The term gene was the hardest term in the ontology to define. We were not looking for your standard unit of inheritance definition, but needed something more concrete to be able to pin this term down to a location on sequence, and be able to reason over the parts of gene annotations. To define the term gene in SO, we asked several questions. What is the extent of a gene on biological sequence? What are its parts? Can it have parts that are geographically disjoint? What is the relationship between a gene and regulatory regions like enhancers and promoters. What is the product of a gene? Do we need to revise our understanding of the relationships we are using? Is the part_of relationship sufficient to describe the parts of a gene? What do we mean by part_of anyway?
We agreed that genes are associated with regulatory regions and transcripts. In the canonical gene annotation,[song.sourceforge.net/gff3.shtml] a transcript sequence can be located within the gene sequence and a gene is therefore composed of parts: transcripts, exons, introns, promotors etc. But this solution does not work for cases where the regulatory regions are dispersed to the point of being on different chromosomes, the gene is trans-spliced, or polycistronic. The problem was that we were making topological assumptions about the part_of relation.

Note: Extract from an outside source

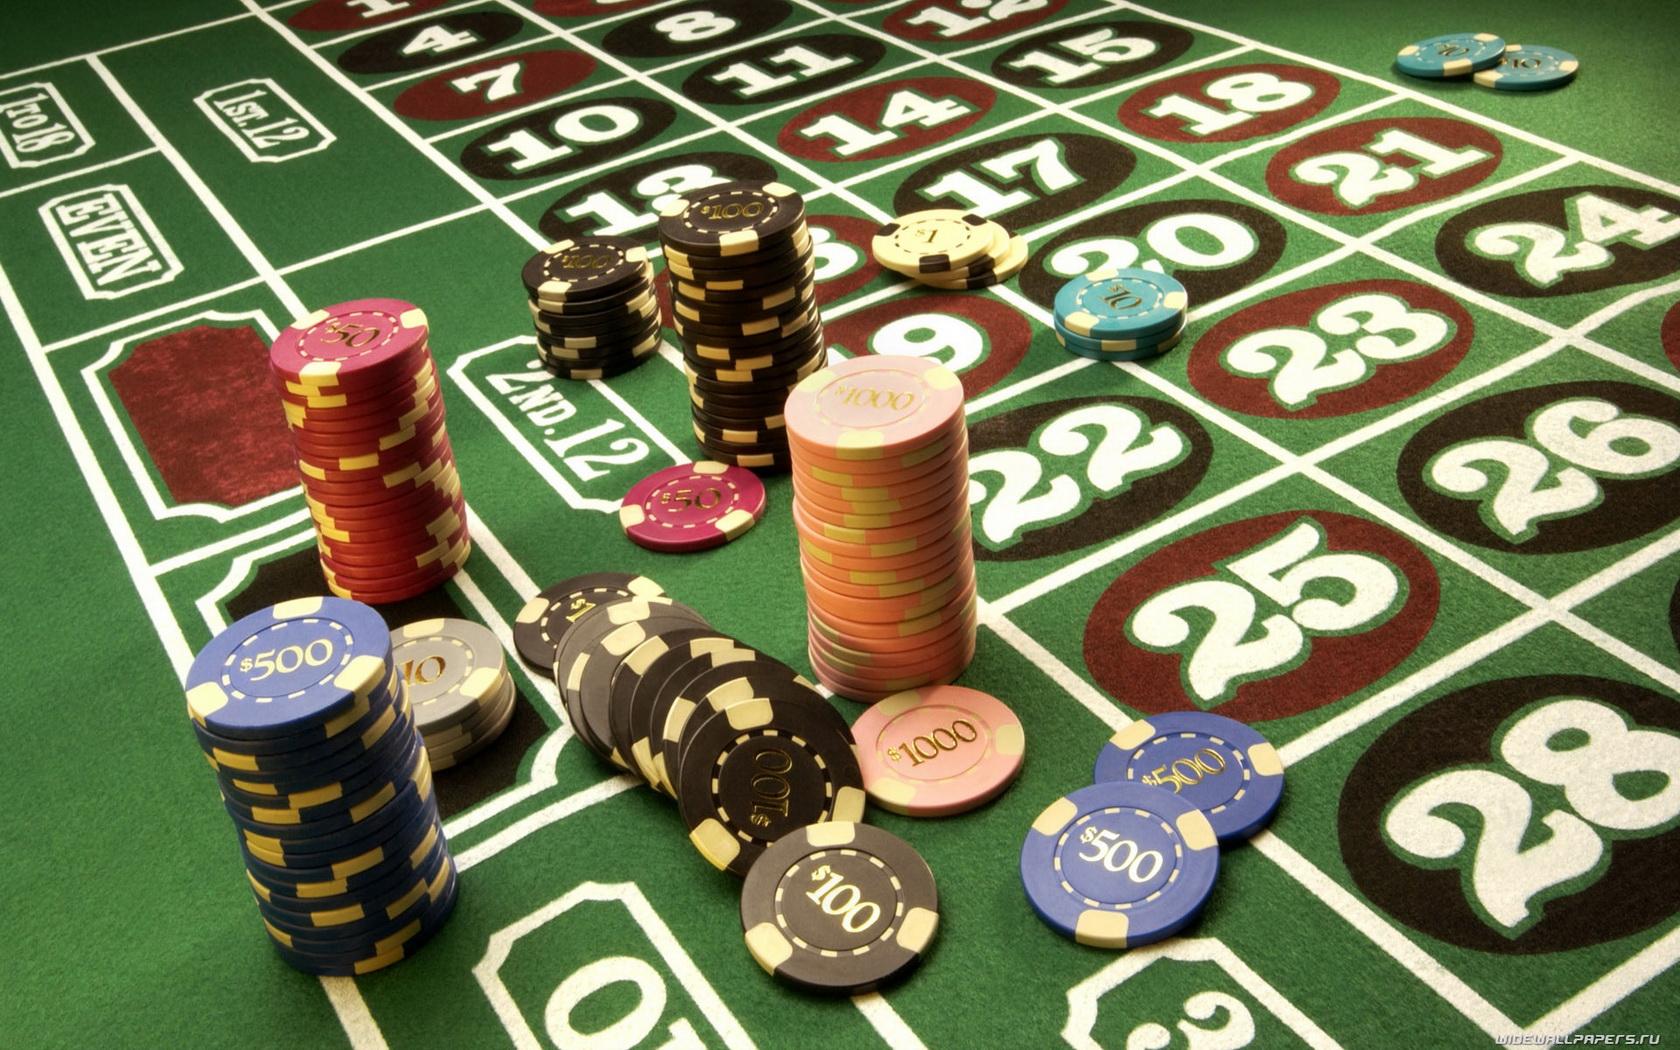 официальный сайт казино картинки в хорошем качестве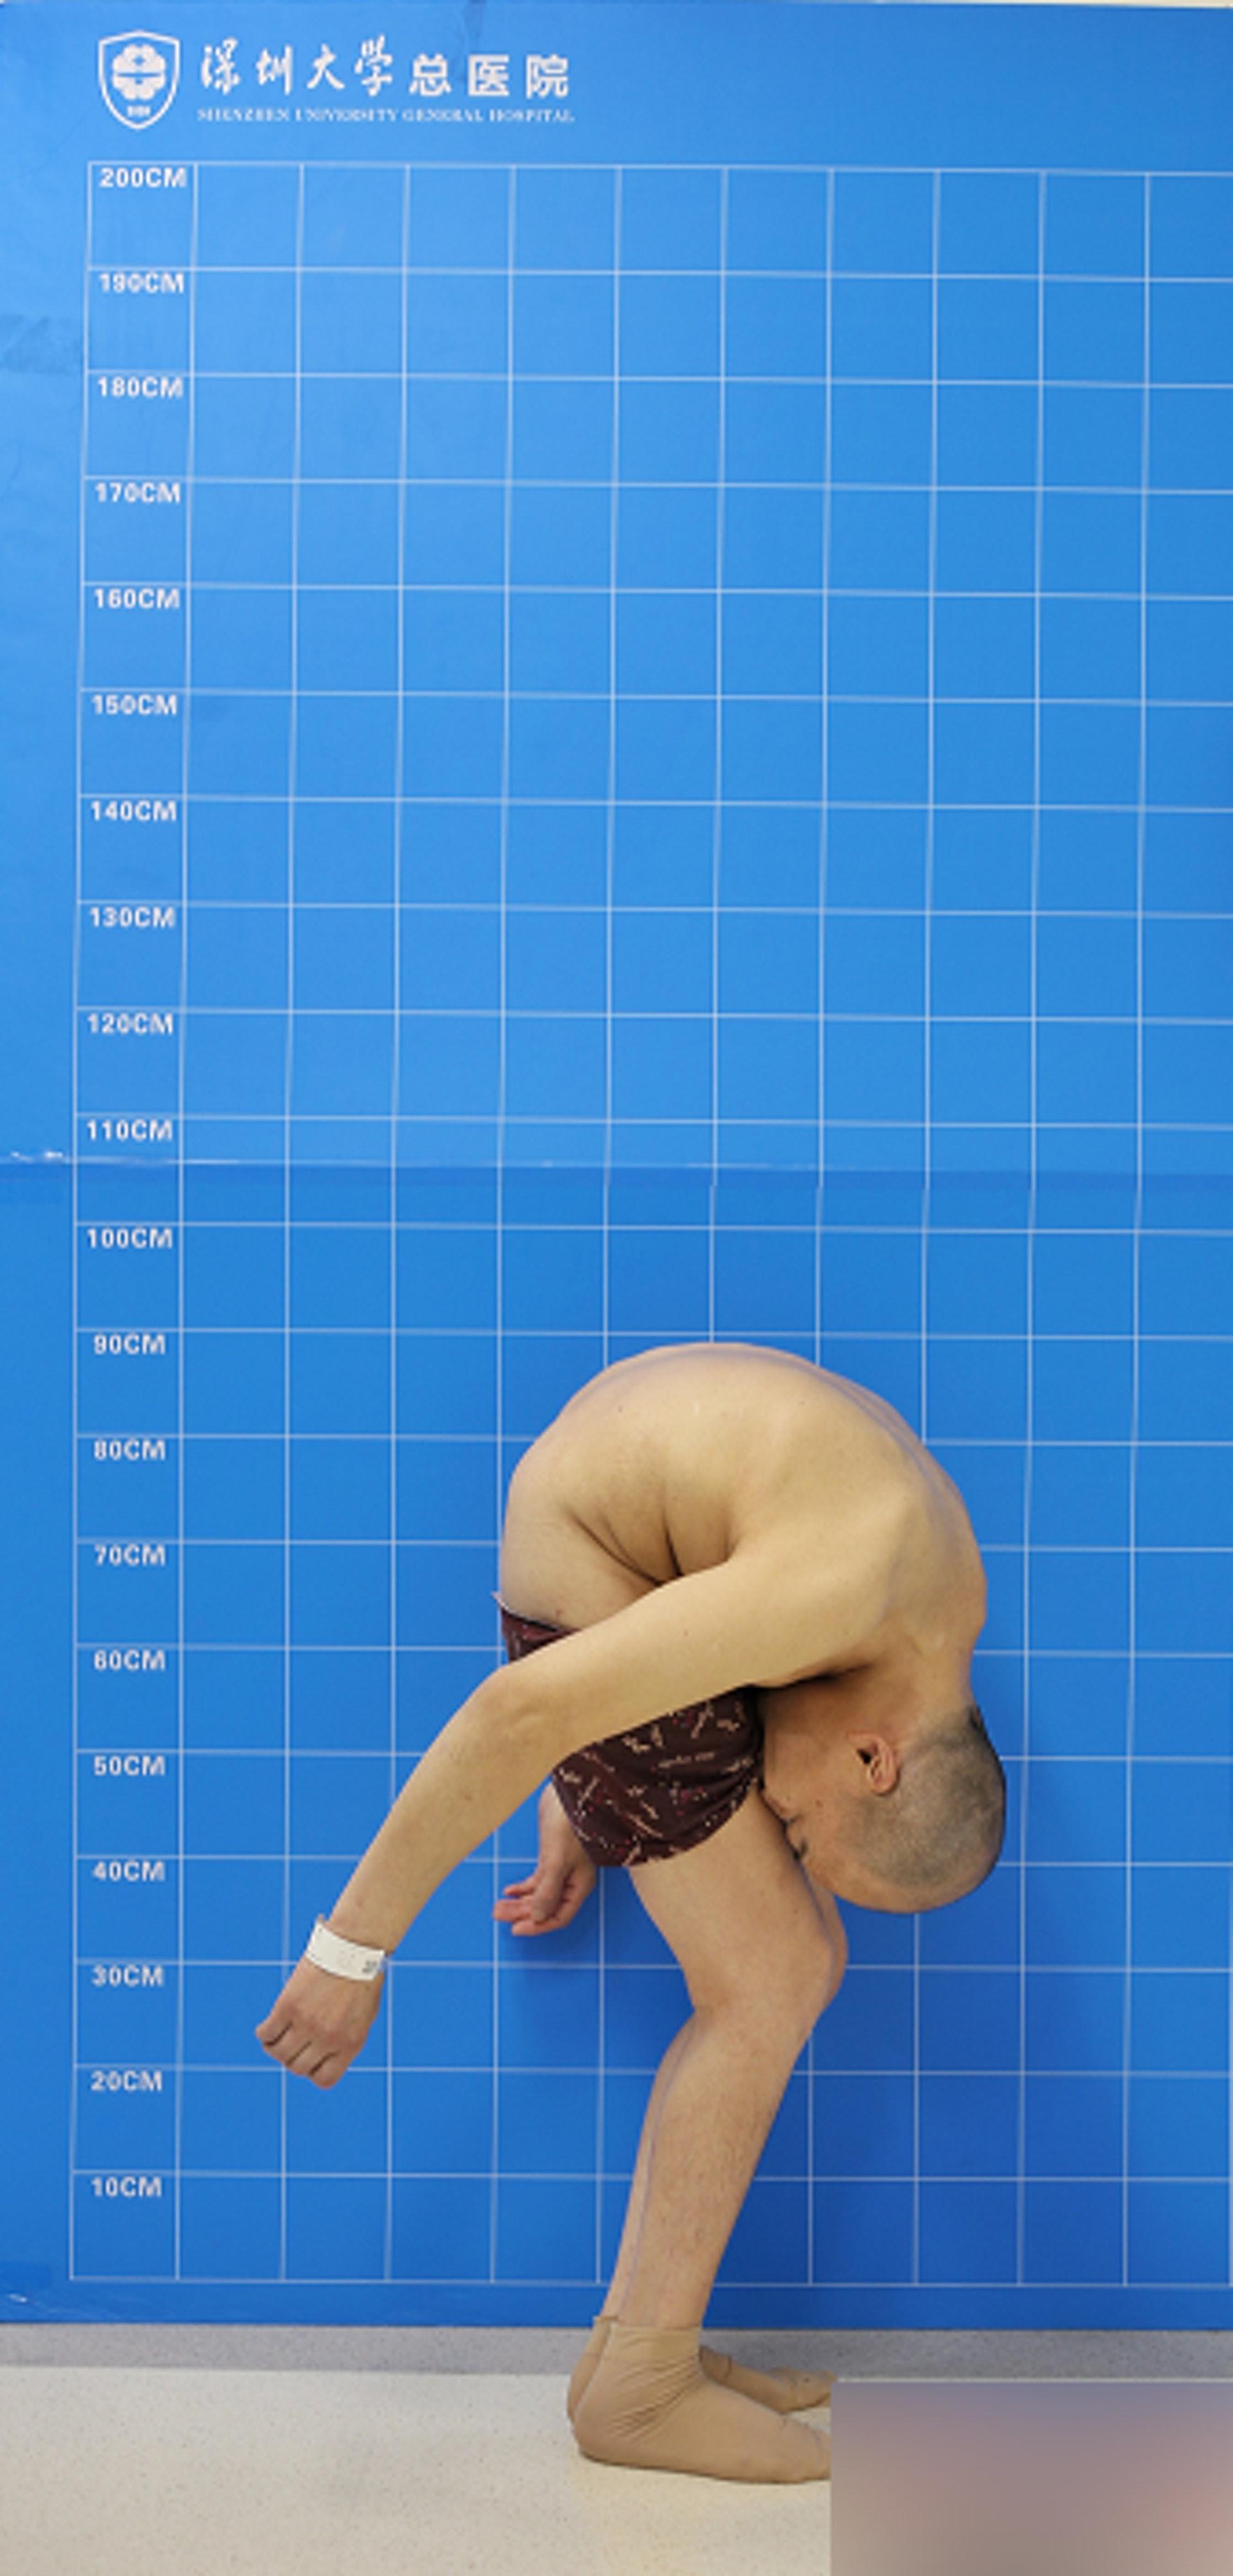 自從患病以來,李華的身體更呈現完全摺疊狀態,無法直立行走或平躺睡覺。(網上圖片)

This lead us to consider the part_of relationship we had been using to naively describe the structure of our gene. The implication being that if a region of sequence is a part_of another region of sequence, then the parts coordinates will be located within the wholes coordinates. This is not always true for some of the parts of a gene. Do we mean different things when we call something a part? There is much written about parts and mereology, which is out of the scope of the discussion of genes, but the part_of relationship can be divided into subtypes based on three criteria: substance, configuration and invariance. (Winston et al)
Relating this back to SO we found that we had two different kinds of part_of in the ontology: composite part_of object (exon composite_part_of transcript) and member part_of collection (regulatory_region member_part_of gene).
So a gene is thought of as a collection of transcripts and regulatory_regions. Transcripts on the other hand are composite objects made of exons and introns. It makes no sense for an intron to be located out of the bondary of a transcript. The type of gene: protein_coding, or non_protein _coding is captured by the kind of transcript it produces such as mRNA, tRNA etc.
The SO textual definition of gene: A locatable region of genomic sequence, corresponding to a unit of inheritance, which is associated with regulatory regions, transcribed regions and/or other functional sequence regions.
SO meetings 2004 http://song.sourceforge.net/SO_meeting.shtml
Winston M, Chaffin R, Herrmann : A taxonomy of part-whole relations. Cog Sci 1987, 11:417-444.